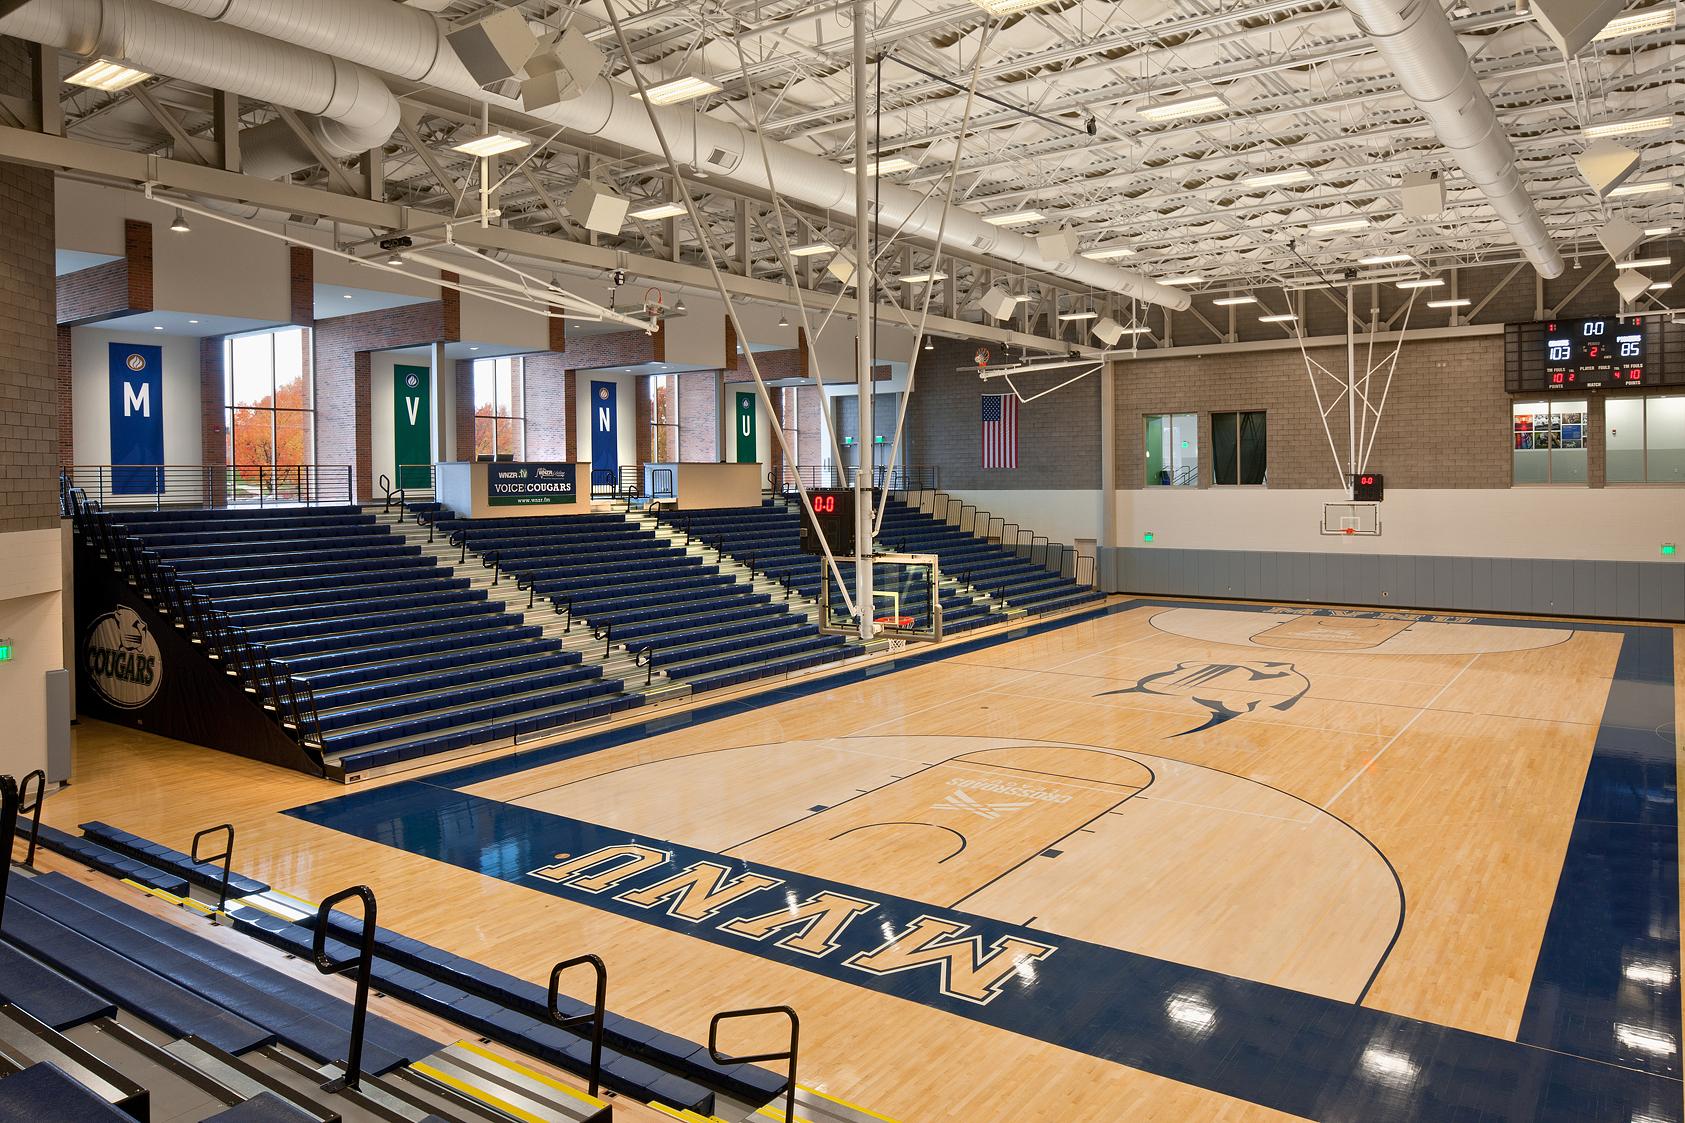 Ariel Arena - Mount Vernon Nazarene University Mt. Vernon, Ohio
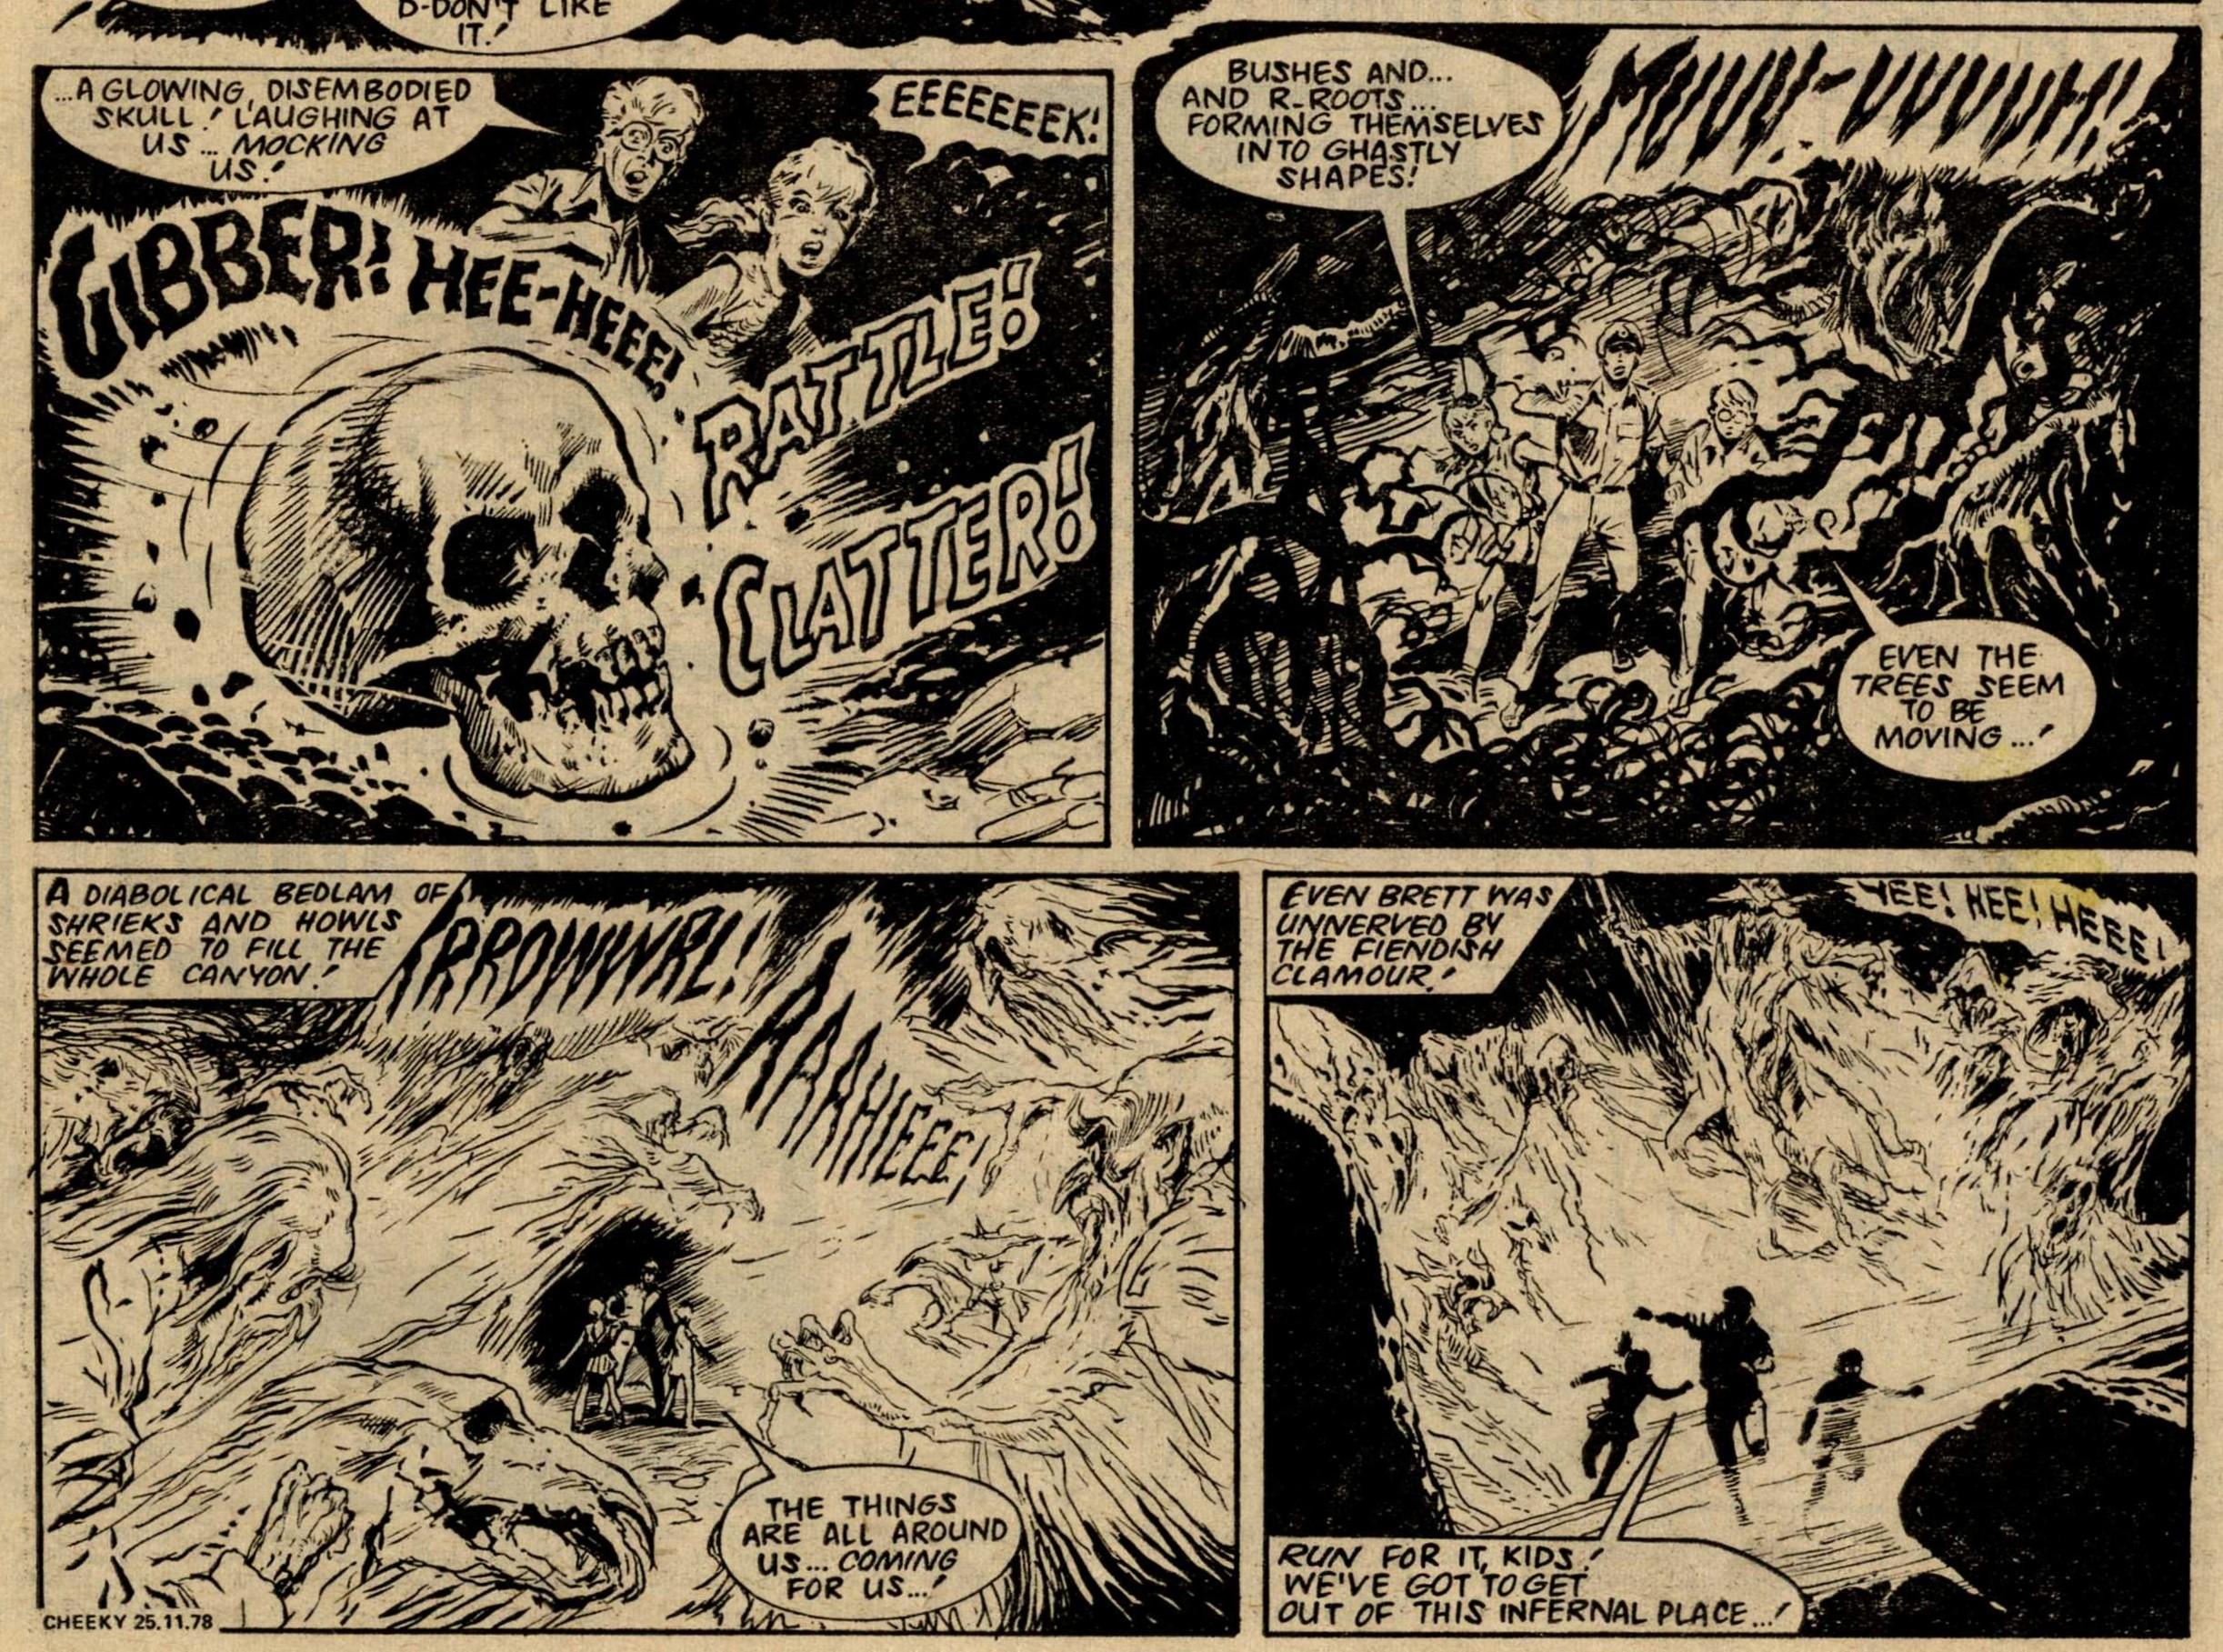 The Terrible Trail to Taggart's Treasure: Eric Bradbury (artist)
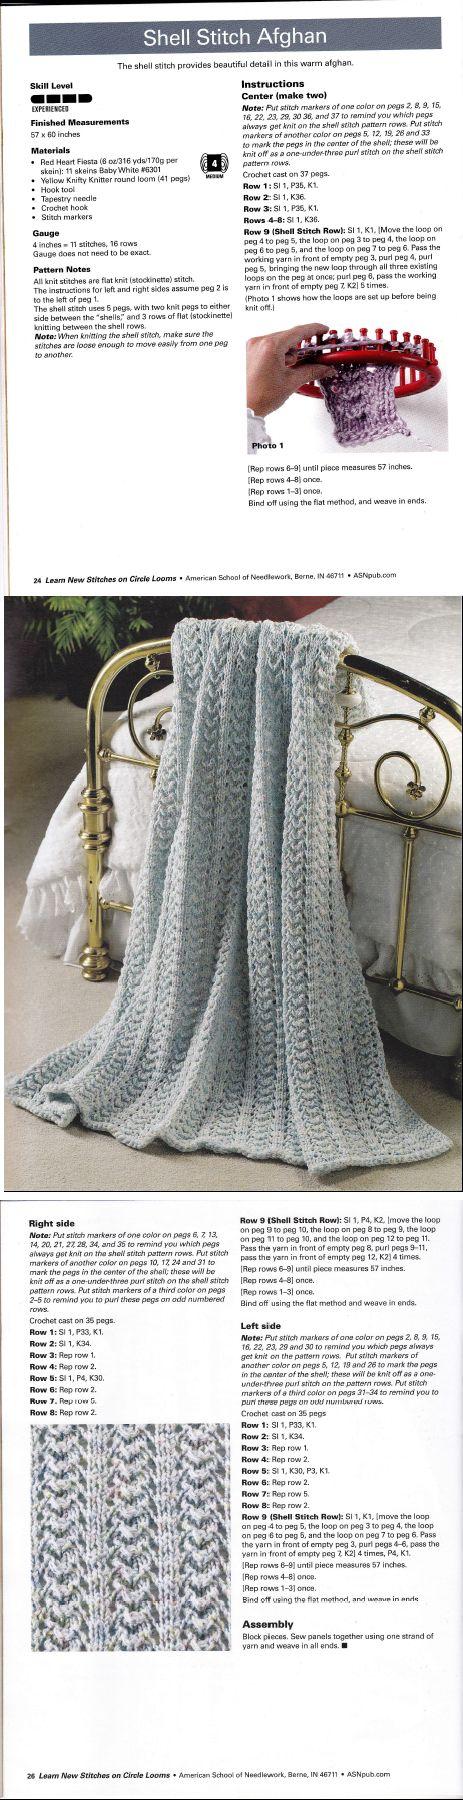 610 mejores imágenes sobre 1 crochet knitting en Pinterest | Telares ...
★ ★ ★
*What you should do*
From the line holding "The Terrible Trail" through the last line of the material above, each line should be written out exactly, both included; omit the pictures.

*Solution*
 The Terrible Trail to Taggart's Treasure: Eric Bradbury (artist)
 610 mejores imágenes sobre 1 crochet knitting en Pinterest | Telares ...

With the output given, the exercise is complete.